The transformation $\mathbf{z} = \mathbf{W}^T \mathbf{x}$ projects the original data onto the new axes defined by the eigenvectors. Each component $z_i = \mathbf{w}_i^T \mathbf{x}$ is the projection onto the $i$ -th axis.

What is the covariance matrix of the transformed data $\mathbf{z}$ ? Since $\mathbf{z} = \mathbf{W}^T \mathbf{x}$ and $E[\mathbf{z}] = \mathbf{W}^T E[\mathbf{x}] = \mathbf{0}$ :

\text{Cov}(\mathbf{z}) = E[\mathbf{z}\mathbf{z}^T] = E[(\mathbf{W}^T \mathbf{x})(\mathbf{W}^T \mathbf{x})^T] = E[\mathbf{W}^T \mathbf{x} \mathbf{x}^T \mathbf{W}] = \mathbf{W}^T E[\mathbf{x}\mathbf{x}^T] \mathbf{W} = \mathbf{W}^T \Sigma \mathbf{W}

By the spectral theorem, $\mathbf{W}^T \Sigma \mathbf{W} = \Lambda$ . Therefore:

\text{Cov}(\mathbf{z}) = \Lambda

This shows that with the transformation defined by the eigenvector matrix $\mathbf{W}$ , the covariance matrix of the transformed data $\mathbf{z}$ is diagonal. Quick-minded readers will notice that a diagonal covariance matrix has two important implications:

The diagonal entries $\Lambda_{ii} = \lambda_i$ are the variances: $\text{Var}(z_i) = \lambda_i$
The off-diagonal entries are all zero: $\text{Cov}(z_i, z_j) = 0$ for $i \neq j$

This tells us two crucial things:

The transformed components are uncorrelated—exactly what we wanted!
The variance of each component equals the corresponding eigenvalue.
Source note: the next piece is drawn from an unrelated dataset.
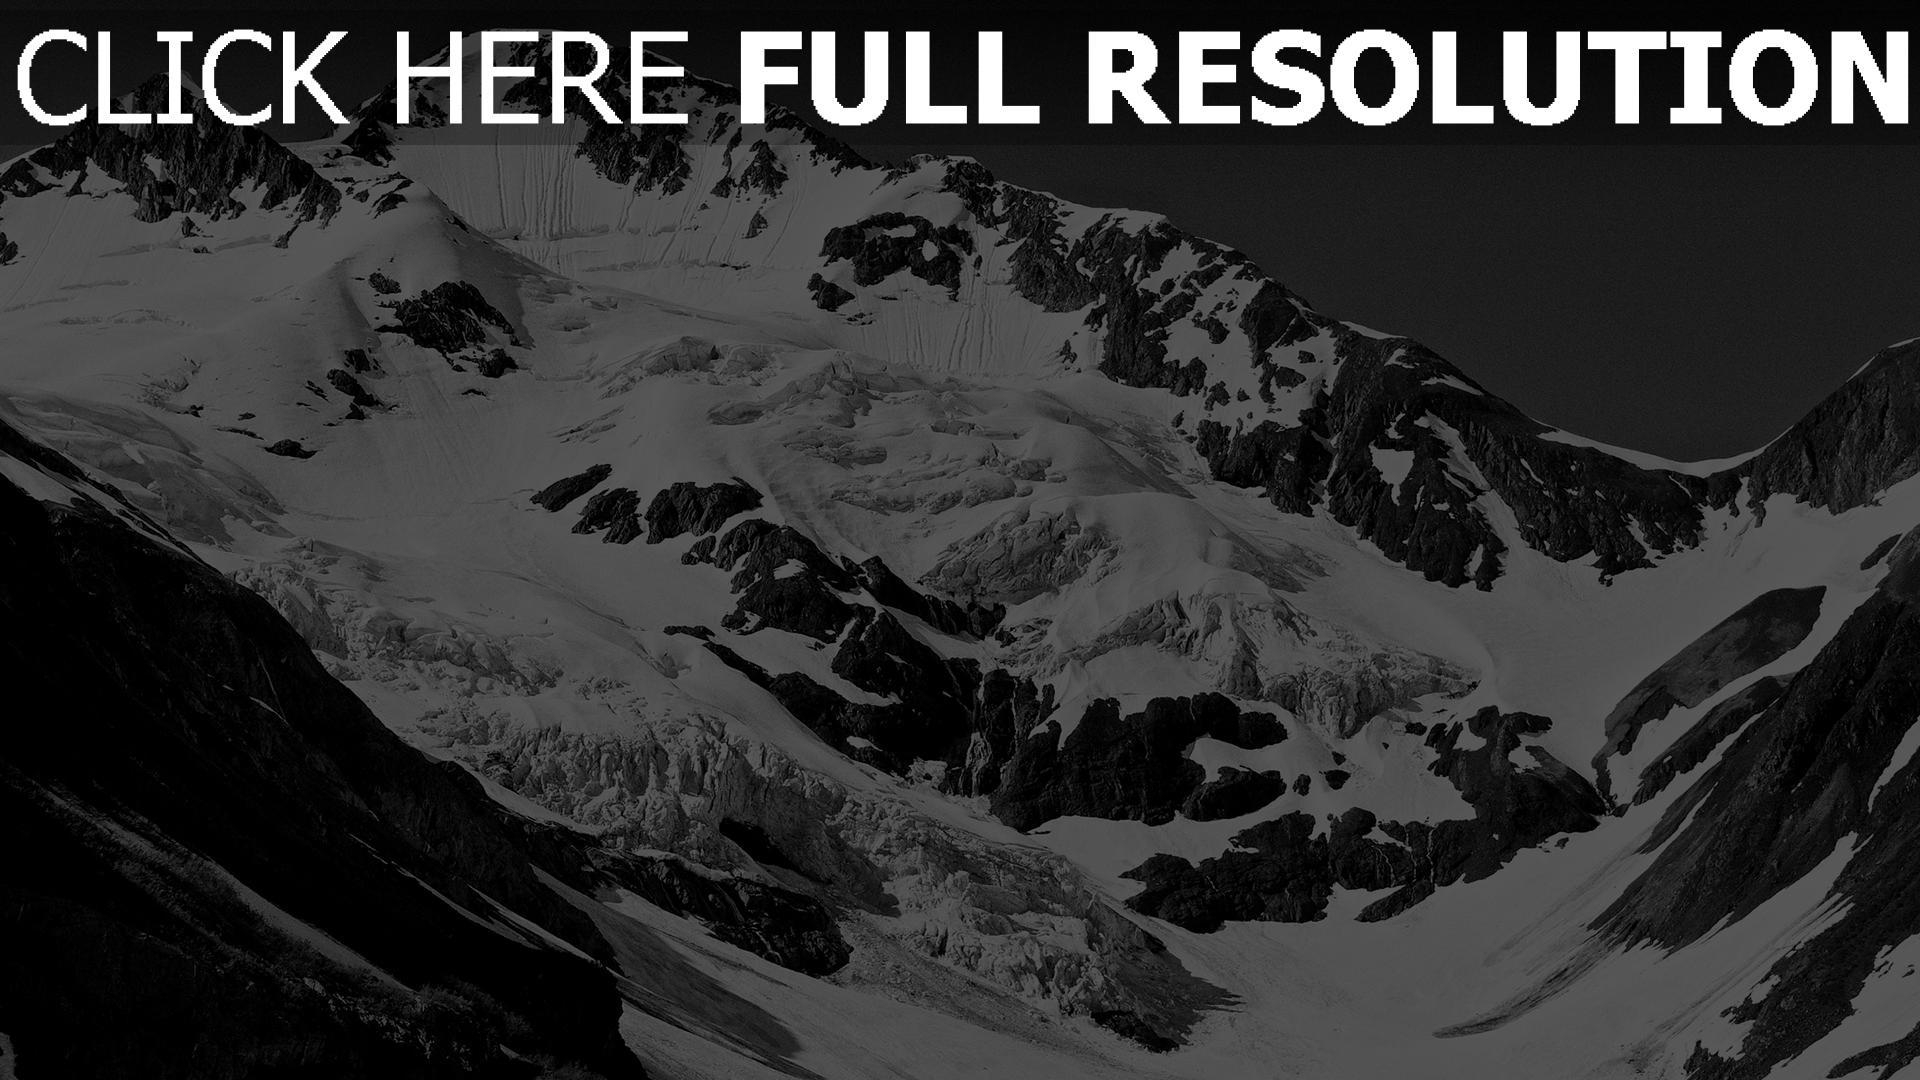 Hd Hintergrundbilder Berge Schnee Felsen Winter Schlucht Desktop

Identifying Principal Components

We just showed that when we use the eigenvector matrix $\mathbf{W}$ to define new axes, the variance along the $i$ -th axis equals $\lambda_i$ . Since $\lambda_1 \geq \lambda_2 \geq \ldots \geq \lambda_d$ , the direction with maximum variance is $\mathbf{w}_1$ —the eigenvector corresponding to the largest eigenvalue $\lambda_1$ .

Finding the first principal component is simply extracting the first column of the transformation matrix $\mathbf{W}$ :

\mathbf{w}_1 = \text{first column of } \mathbf{W}, \quad \text{Var}(\mathbf{w}_1^T \mathbf{x}) = \lambda_1

Similarly, the second principal component $\mathbf{w}_2$ (the direction with the second highest variance, orthogonal to $\mathbf{w}_1$ ) is the second column of $\mathbf{W}$ , and so on.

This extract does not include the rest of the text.